New York ICU Nurse Among First to Receive Authorized COVID-19 Vaccine

An ICU nurse in New York City was among the first to receive the historic COVID-19 vaccine.
Brad Bergan

A nurse working in critical care was the first person in New York (city and state) and among the first in the entire United States to receive the first of the two-course dose of the Pfizer/BioNTech COVID-19 vaccine, according to an initial report from CNN.

The FDA granted emergency use authorization to the Pfizer vaccine last Friday, with millions of doses expected across the country.


New York ICU nurse among first to receive authorized COVID-19 vaccine

The ICU nurse — Sandra Lindsay — is stationed at Long Island Jewish Medical Center in Queens, New York City. She received the vaccine during a live video broadcast at roughly 9:20 AM EST on Monday. The corporate director of employee health services at Northwell Health Michelle Chester administered the shot.

"She has a good touch, and it didn't feel any different than taking any other vaccine," said Lindsay in the immediate aftermath, according to the CNN report.

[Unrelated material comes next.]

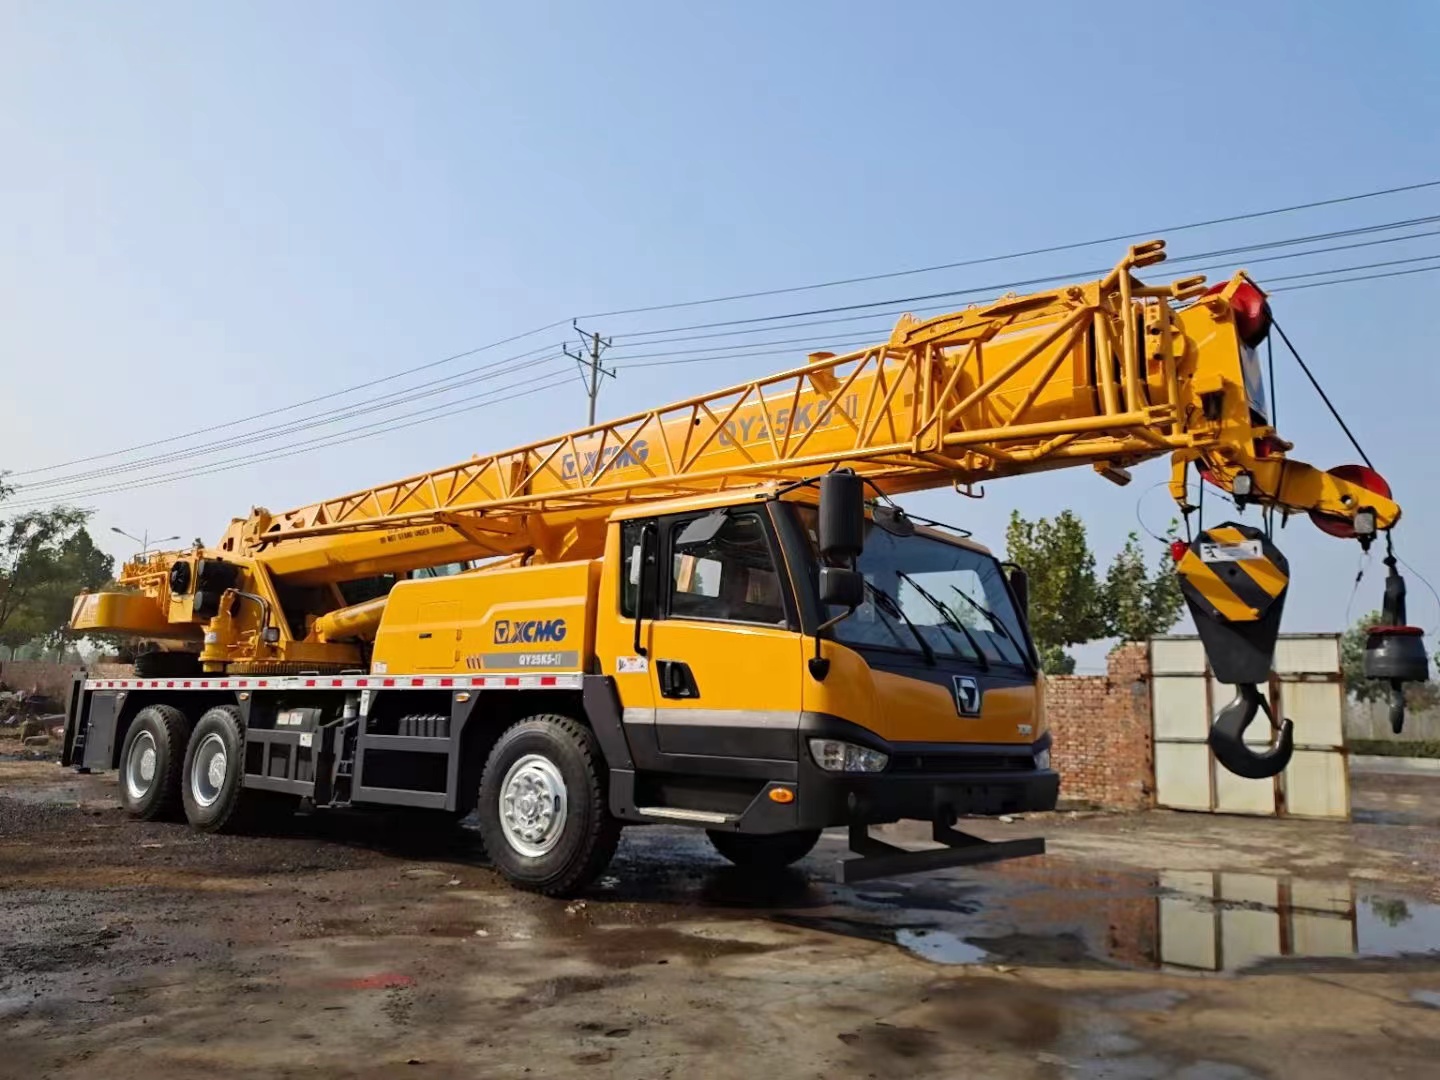 Used crane XCMG QY25k5 With 25 tons lifting capacity For lifting various large-scale projects 4

"I'm feeling well. I would like to thank all the frontline workers, all my colleagues who have been doing a yeoman's job to fight this pandemic all over the world, continued Lindsay. "I feel hopeful today, relieved. I feel like healing is coming. I hope this marks the beginning of the end of a very painful time in our history."

UPDATE Dec. 14, 11:50 AM EST: Highly-symbolic moment in fight to end COVID-19 pandemic

The vaccine kit to inject the shot "worked perfectly," said Chester, reports CNN. Both Lindsay and Chester are Black women, and while on stage they were flanked by President and CEO of Northwell Health Michael Dowling — who said the regional hospital system had seen more than 100,000 patients with COVID-19 since the pandemic began.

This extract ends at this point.